Darrah Springs and Mount Shasta hatcheries are both still under quarantine. Overton said that the cause of the infection was not yet certain but it is suspected that an otter infected with spores got into a stream which supplied water. The hatcheries are still being decontaminated and it is hoped that they will reopen sometime next year.
The entire interview was very pleasant. Overton has worked at the plant for 20 years. His father also worked for Fish and Game. When he was a boy he would often go out with his father to plant fish. He and Elizondo are knowledgeable about hatchery operations not only at Crystal Lake but throughout the state. Toward the end of our conversation, we were joined by assistant manager Cabral who also added his insight.
Everybody obviously enjoyed and took pride in their work. Overton said that he was happy to “serve the licensed fishing public” and explained that most of the funding for the hatcheries comes from the sale of fishing licenses.
There are 22 state fish hatcheries. Eight of them are anadromous Salmon and Steelhead hatcheries and 14 of them are Trout. In addition to receipts from licenses, some hatcheries are mitigated by funding from various agencies and corporations. The Crystal Lake Hatchery receives some funding from PG&E to compensate for stocking certain waters where normal fish migration has been affected by PG&E development.
Overton also ridded me of a myth that I had picked up from an angler on Burney Creek. After an employee of Crystal Lake Hatchery had just poured a bucket of fish into the stream and left, the fisherman told me that those fish wouldn’t bite for awhile because they were “drugged.”

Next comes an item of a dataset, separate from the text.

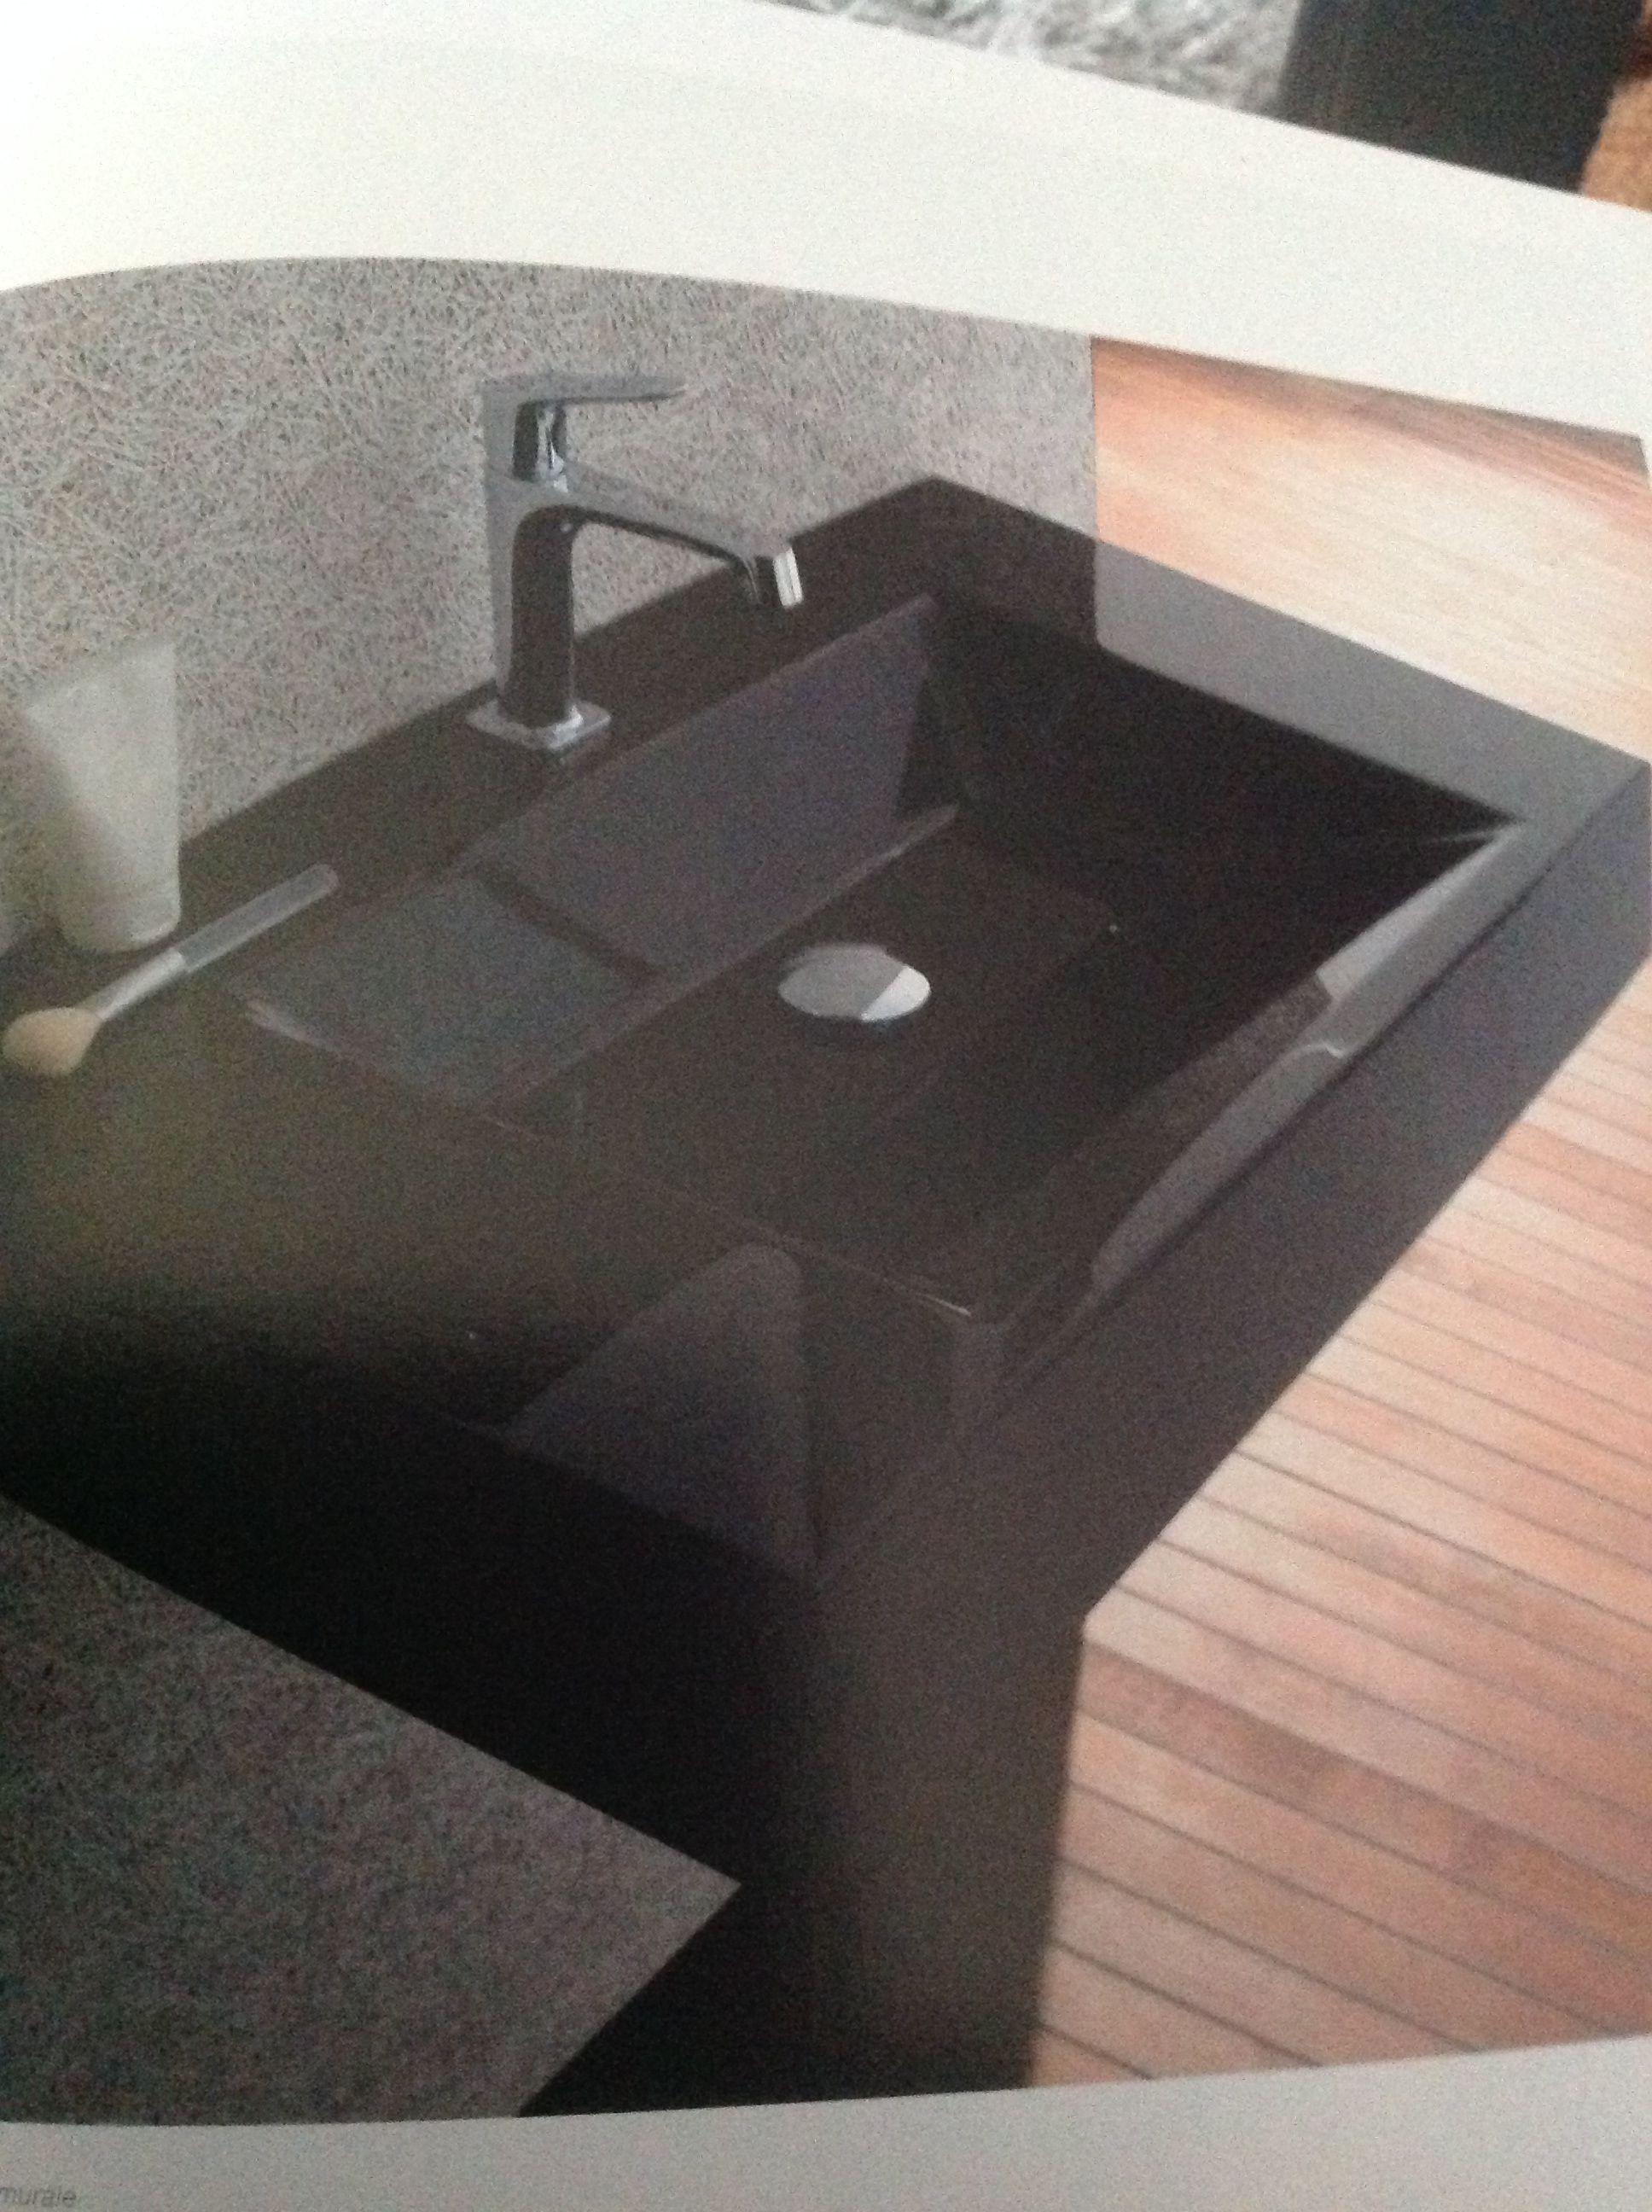 spotjes betonnen wasbak badkamer betonnen design wastafel lavabo van

Overton laughed and said that that story had been going around since he was a child. He and Elizondo assured me that they do not anesthetize the fish before they are transported for planting.

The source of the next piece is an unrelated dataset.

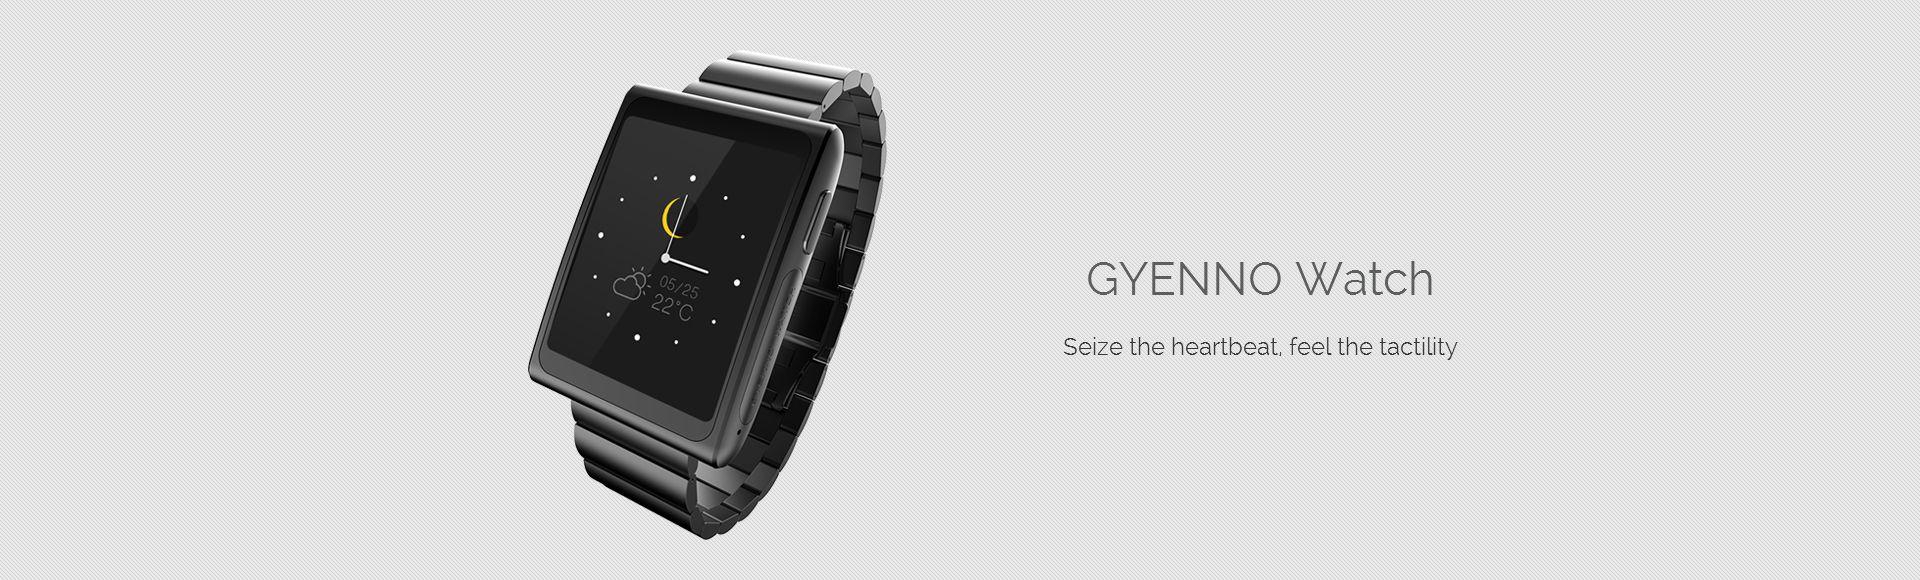 GYENNO Watch

After the interview was over, Linda and I thanked everybody for their hospitality and help and went out to take pictures of the facility. We were in for a special treat.
Elizondo followed us out and asked if we would like a tour of the hatching process.
Elizondo has earned the nickname “Mama.” In addition to other responsibilities, she raises millions of Eagle Lake Trout from egg to catchable fish. Beginning in 1959 from 16 fish, the Eagle Lake Trout program has become one of the hatchery’s major success stories. The program allows the restocking of Eagle Lake with this unique native species. It also enables the planting of Eagle Lake Trout in other selected waters of the Pit River basin. As with planting of other trout species, this not only provides a catch for fishermen but also helps to maintain the survival of native wild trout that would otherwise be depleted by overfishing.
She took us through two buildings explaining the process. The eggs are incubated in trays until the eye develops. Then a machine separates the healthy eggs from those that did not survive. Next she transfers the eggs to a trough where they develop through the larval stage.
When juvenile fish have developed, they are transferred to deep water tanks where they grow as fry and finger fish. Once they reach sufficient size they are transferred to the outdoor tanks. There the fish continue to mature into small catchable trout, large catchable trout and the very large trout that grow to over 14 inches in length.
It takes about 18 months for a trout to develop from egg to a trout that can be planted in a stream. As mentioned before, the hatchery this year will provide 1.8 million trout to be harvested by the licensed fishing public. This week alone more that a hundred thousand pounds of fish will be planted in Lake Alomar.
After our informative tour, Linda and I took a few more photos, rested a bit in the pleasant picnic area provided by the hatchery, and then headed home reflecting on how delightful it is to visit the Crystal Lake Hatchery.